Cardenden football star features in new exhibition about women's game in Fife

Carolyn Johnston, venue supervisor at Kirkcaldy Galleries, points out her footballing ‘superstar’ great-grandmother in one of the photographs in the exhibition

A Cardenden footballer from the 1920s is one of the stars of a new exhibition about the women's game in Fife.

May Watson from Cardenden has been described as "one of the best lady footballers in Britain".

A tribute in a newspaper in 1951 said: “She did much in her football years to raise money for charity, and often played against men’s teams with outstanding ability.”

Curators at OnFife want to capture how the women's game developed in the early years in the Kingdom and has grown locally since.

It's asking that anyone with stories or memorabilia get in touch on localstudies.kirkcaldy@onfife.com

They say the display can be a "catalyst that helps fill knowledge gaps in the history of women's football in Fife".

It's also a special moment for Kirkcaldy Galleries supervisor Carolyn Johnston, who is May's great-grandaughter and also lives in Cardenden.

She said: “I am so pleased the story of Rutherglen Ladies is being widely told in Fife and very proud of my great granny’s role in it – she was, by all accounts, a remarkable woman.”

During the 1920s and 30s, Rutherglen Ladies had to battle just to play matches, as the English Football Association banned the game, deeming it “quite unsuitable for females”. A Scottish FA ban would follow 20 years later.

Despite that the women in Fife flourished, with teams in Lochore, Kirkcaldy, Newburgh and Freuchie. 

Before joining Rutherglen, May Watson (later Wyse) played for Bowhill Ladies. A newspaper article at the time reported: “Bowhill is one of the few villages that can boast of having a progressive female community not afraid of emulating the men … it has a go-ahead ladies' football team.”

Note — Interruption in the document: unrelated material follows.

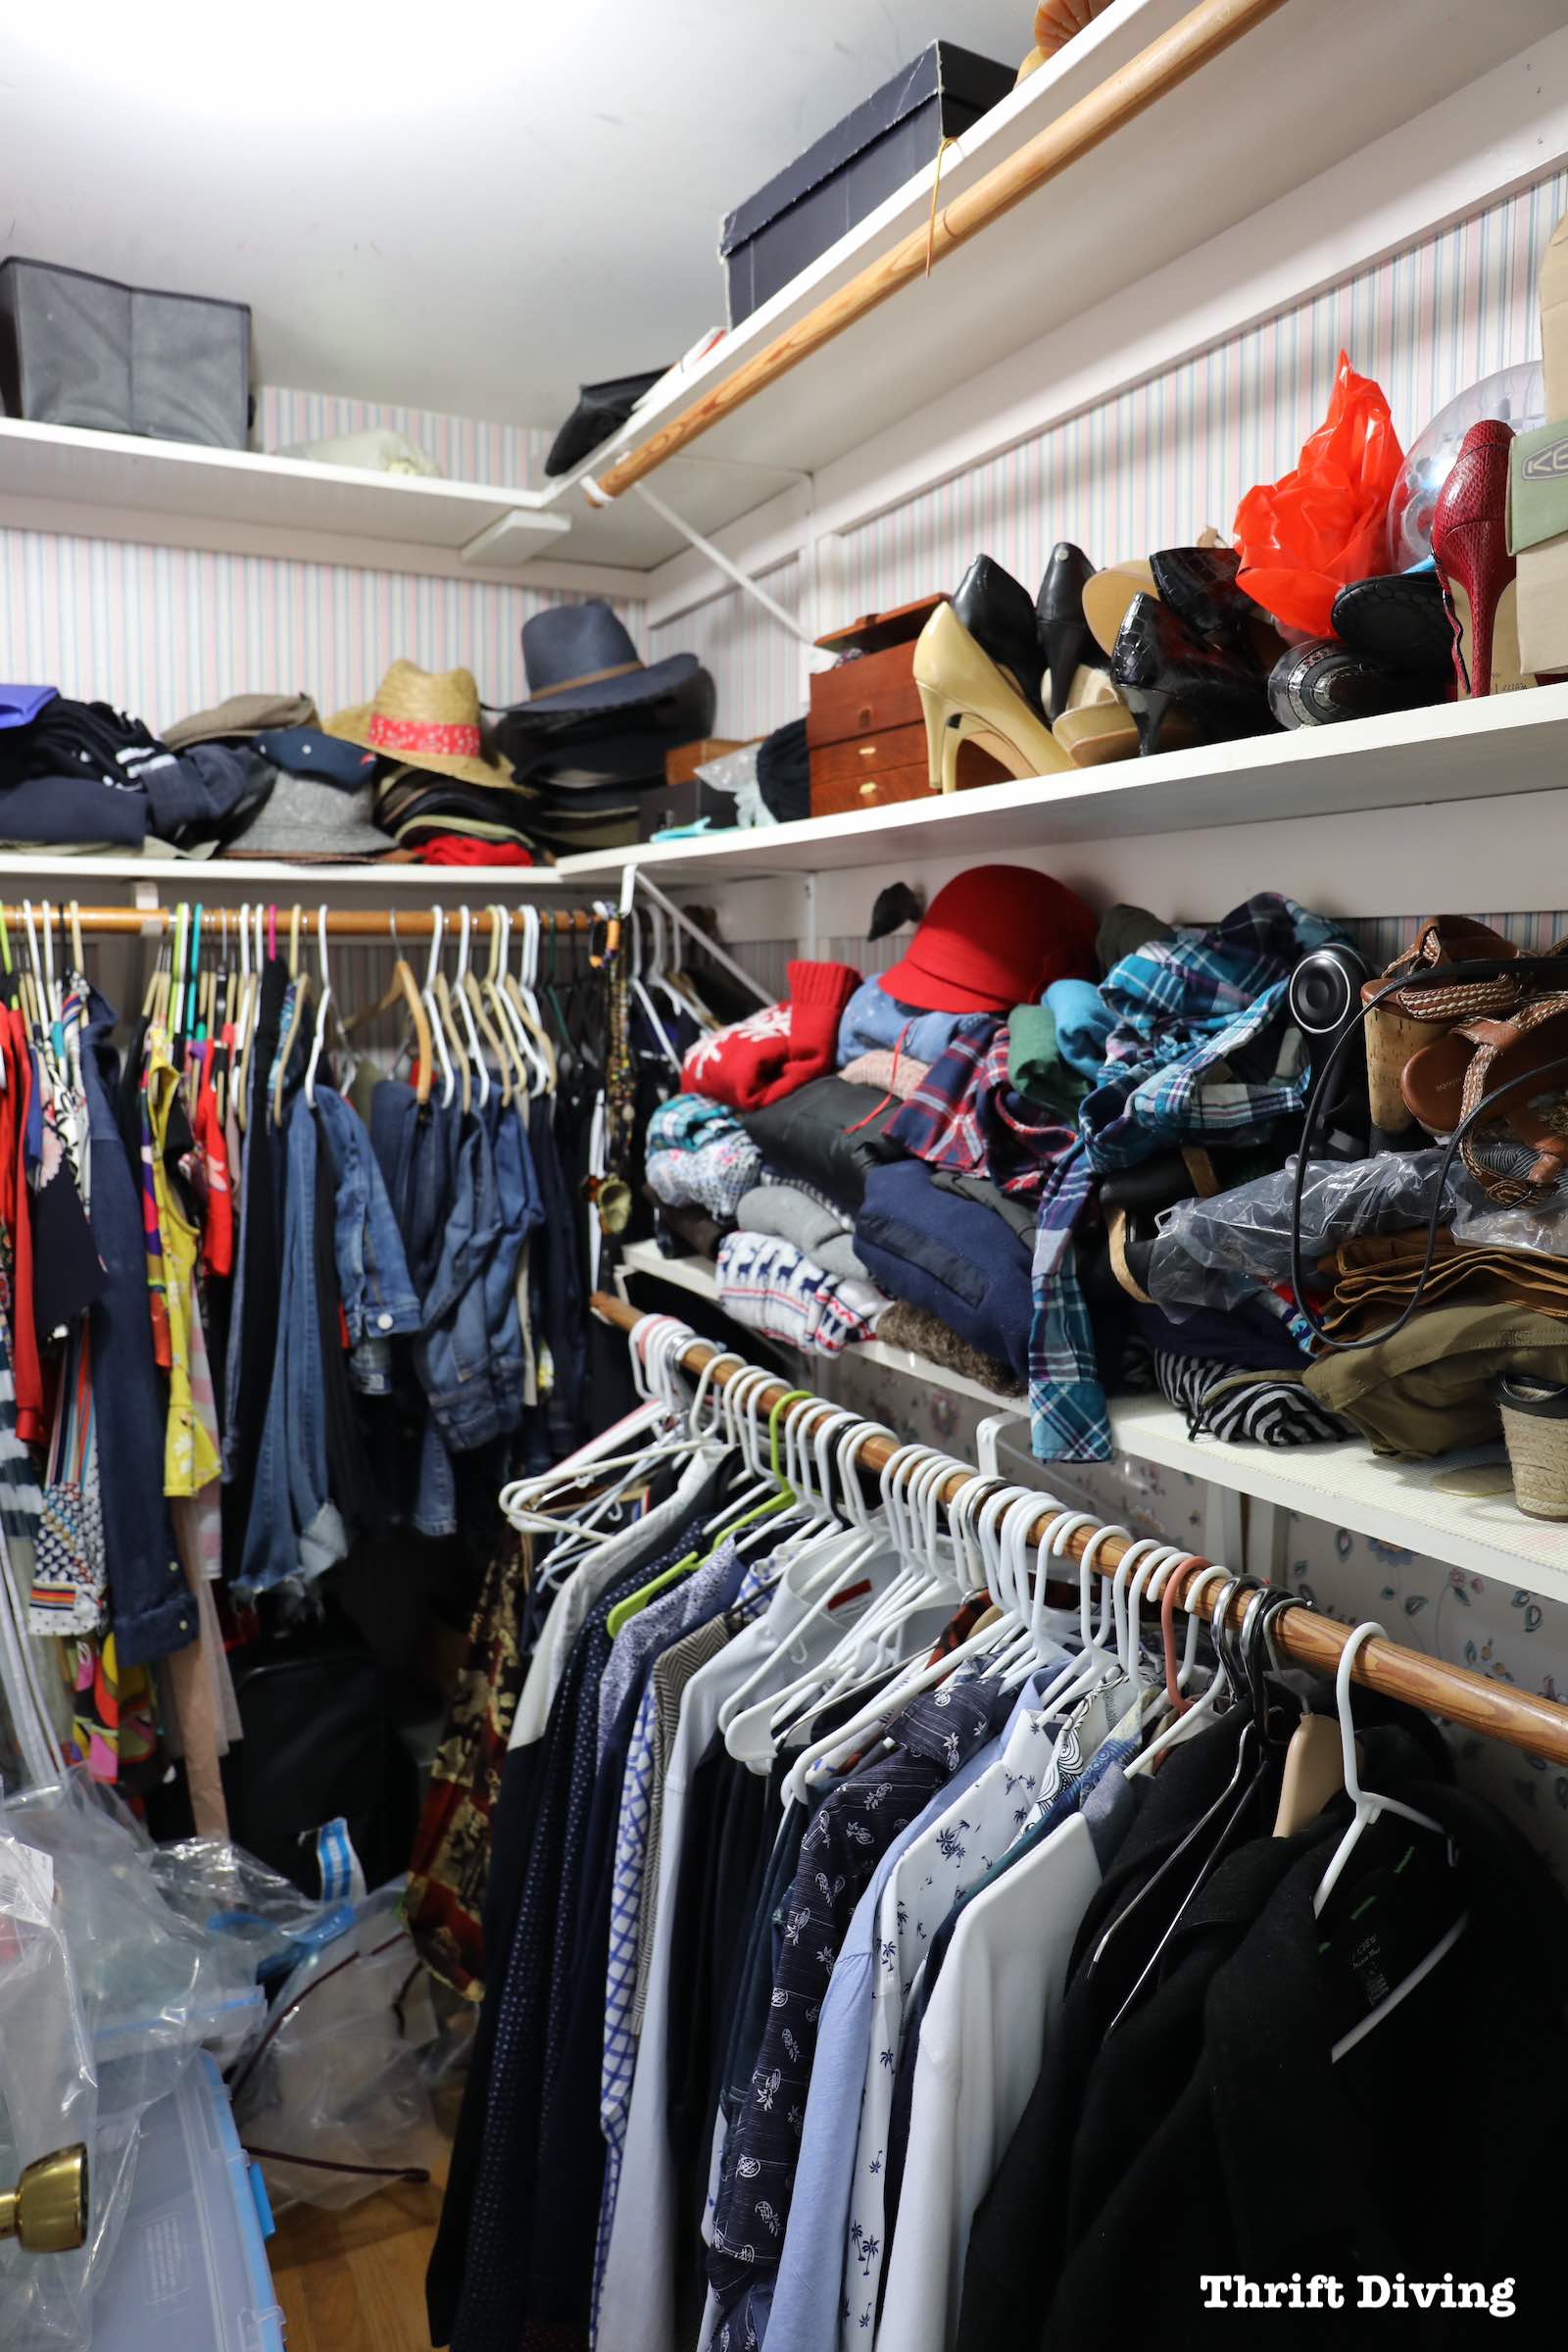 How to Build a Walk-in Closet Organizer From Scratch - This is the "BEFORE" of the messy closet! - Thrift Diving

She toured Scotland and Ireland with Rutherglen in 1925-26 and played in the Scottish Ladies’ team that defeated Dick Kerr’s revered English side, who at the time were unofficial world champions.

But May isn't the only footballer in Carolyn's family, her uncle, Willie Johnston, starred for Scotland, Rangers, West Bromwich Albion and Hearts, winning a European Cup Winners’ Cup medal in 1972.

The exhibition is based on research carried out by Dr Fiona Skillen, senior lecturer in history at Glasgow Caledonian University, and women's football historian Steve Bolton.

She said: “There’s a perception that women’s football didn’t happen in Scotland between the Victorian period and the mid-1950s. This research shows that it did. We are rewriting the history books with our discoveries.

“Rutherglen Ladies showed incredible resolve and resilience and had to overcome significant barriers just to play the game. They deserve recognition for their unique place in history.”

The exhibition traces the development of the team from its foundation in 1921 through to its disbanding in 1939. It explores the lives of the manager James H Kelly and the players themselves, whilst also telling the story of their groundbreaking tours in Scotland, England and Ireland.

It will be on display at Kirkcaldy Galleries from March 8th to 30th before moving to Dunfermline in April.